Pharmaceutical Technology
Volume 33, Issue 7

Adding value during vaccine development

Expression technologies. As for all biopharmaceuticals, there are key value-adding stages during vaccine development. However, as vaccines are probably the most disparate of all biological medicines, both in terms of biochemical composition and the methods of production, there are currently only a limited number of platform manufacturing methods applicable to distinct vaccines. Likewise, there is not a single expression system suitable for numerous vaccine candidates, as they range from relatively simple polypeptides to entire cells.

The criteria when choosing an expression system are the same as for any other biopharmaceutical—it is essential that the system produce a product of consistent safety and quality. It is also necessary to ensure that the yield of the production method is fully-optimized, as cost-of-goods for vaccines are critically important, particularly for those medicines intended for supply to developing nations.

The adoption of novel expression systems has to be carefully considered. Although there are benefits in applying innovation to shorten development times and be first to market, the vaccine industry is traditionally relatively conservative. This is because the medicines are typically administered to healthy patients, and there is a resulting strong emphasis on product safety. In addition, the complex nature of many vaccines minimizes the available options for risk-reduction through extensive product characterization.

As vaccines are typically administered in fewer and smaller doses than are therapeutic drugs, market supply may consist of grams rather than kilograms of material per annum, diminishing the net requirement for large-scale production. The drive for large-scale production involving high-titer expression systems has, therefore, been less for vaccine manufacture than for other biological molecules such as monoclonal antibodies. With all of these considerations, there has been reluctance in the vaccine industry to adopt novel expression systems, but rather a preference for working with well established systems of a known and accepted safety profile.

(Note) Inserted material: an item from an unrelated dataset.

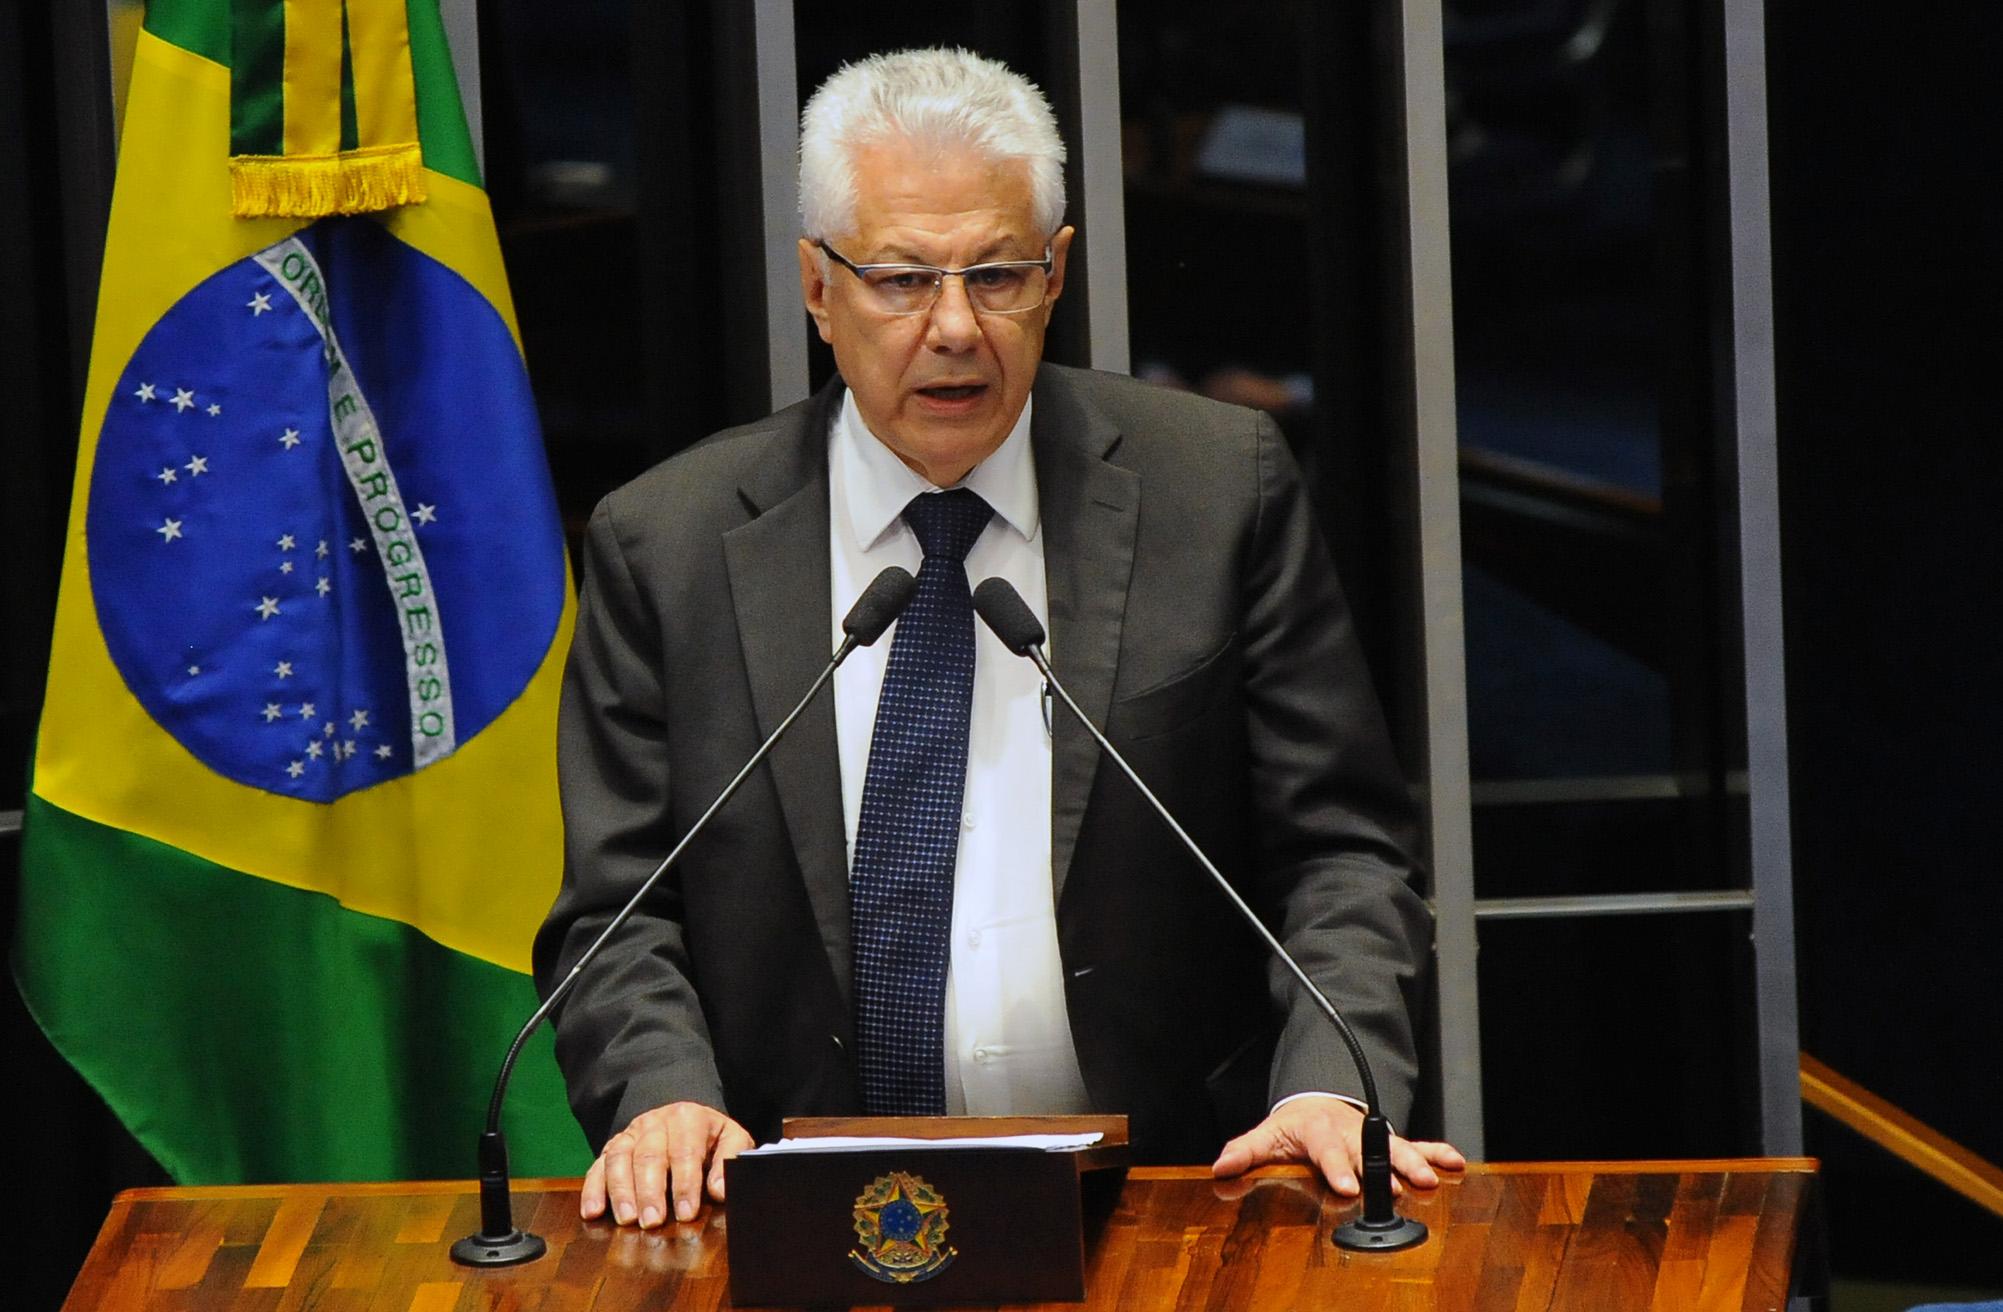 Homenagem póstuma ao ex-reitor da Universidade Federal de Santa Catarina, Luiz Carlos Cancellier de Olivo. Dep. Arlindo Chinaglia (PT - SP)

Table 1: Drivers to move from eggs to cell culture when manufacturing influenza vaccine.
There are examples of economic and regulatory influences, however, that are encouraging the adoption of new expression technologies for vaccine development. A high profile example is the move from eggs to cell culture in the production of the influenza vaccine (see Table 1). There is likely to be further adoption of new expression systems, especially those with associated benefits for reducing overall development times.

There are very few expression systems that are specifically targeted toward vaccines, although there are technologies used in protein expression that are particularly adaptable to vaccine manufacturing. These include the PER.C6 cell line, and the associated AdVac/Virosome technology, available from Crucell/DSM (Leiden, The Netherlands), and the avian-derived cell lines from Vivalis (EBx, Nantes, France) and ProBioGen (Berlin, Germany). Another expression technology with potential benefits is the Pfēnex Expression Technology from Dow (Midland, MI), which has been applied to generate high levels of vaccine antigens. Insect cells also represent an alternative system for vaccine production, with examples including production of antigen for the Provenge cellular vaccine (Dendreon, Seattle, WA) and Ceravix (GSK). Protein Sciences Corporation (Meriden, CT). has developed a patented baculovirus protein expression system (BEVS) for production of proteins and vaccines in variant Sf9 cells.

Rational drug design. There are few examples of engineered vaccines, probably because the technology is relatively immature and the approaches of protein engineering are not easily applied to traditionally complex vaccines. There is, however, potential application of protein engineering as subunit recombinant vaccines are further developed (4). One of the main objectives in the rational design of conventional biotherapeutics is to minimize immunogenicity, either through humanization, PEGylation, or by reducing protein aggregation. The opposite is true for vaccines, however, where protein design may be applied to increase the antigenicity of the molecule.

Process development and advances in vaccine production. As described, vaccines are complex and diverse biomolecules ranging from recombinant subunit antigens to live organisms. Correspondingly, therefore, a range of production technologies are required to manufacture sufficient quantities of these products, including the use of eggs, cell factories, roller bottles, shake/tissue culture flasks, and bioreactors. This range of production methods can be problematic, as each method requires specific capital expenditure, specialized development approaches, and operator expertise. As a result, there is a growing trend to lower the number of production platforms by implementing manufacture in suspension culture bioreactors wherever possible. For vaccines manufactured in mammalian-cell culture, it is necessary to establish well-characterized expression permissive cell lines that have been adapted to grow in suspension culture, and (where appropriate) in a serum-free medium. An example of this is the emergence of suspension HEK293 cultures for the production of adenovirus viral vectors, where the development of chemically defined and serum-free formulations has been influential in increasing titers and generating fully scalable processes (5). Similarly, microbial systems are being optimized for the manufacture of vaccines, especially those in which co-expression of two or more proteins is beneficial to provide multivalency.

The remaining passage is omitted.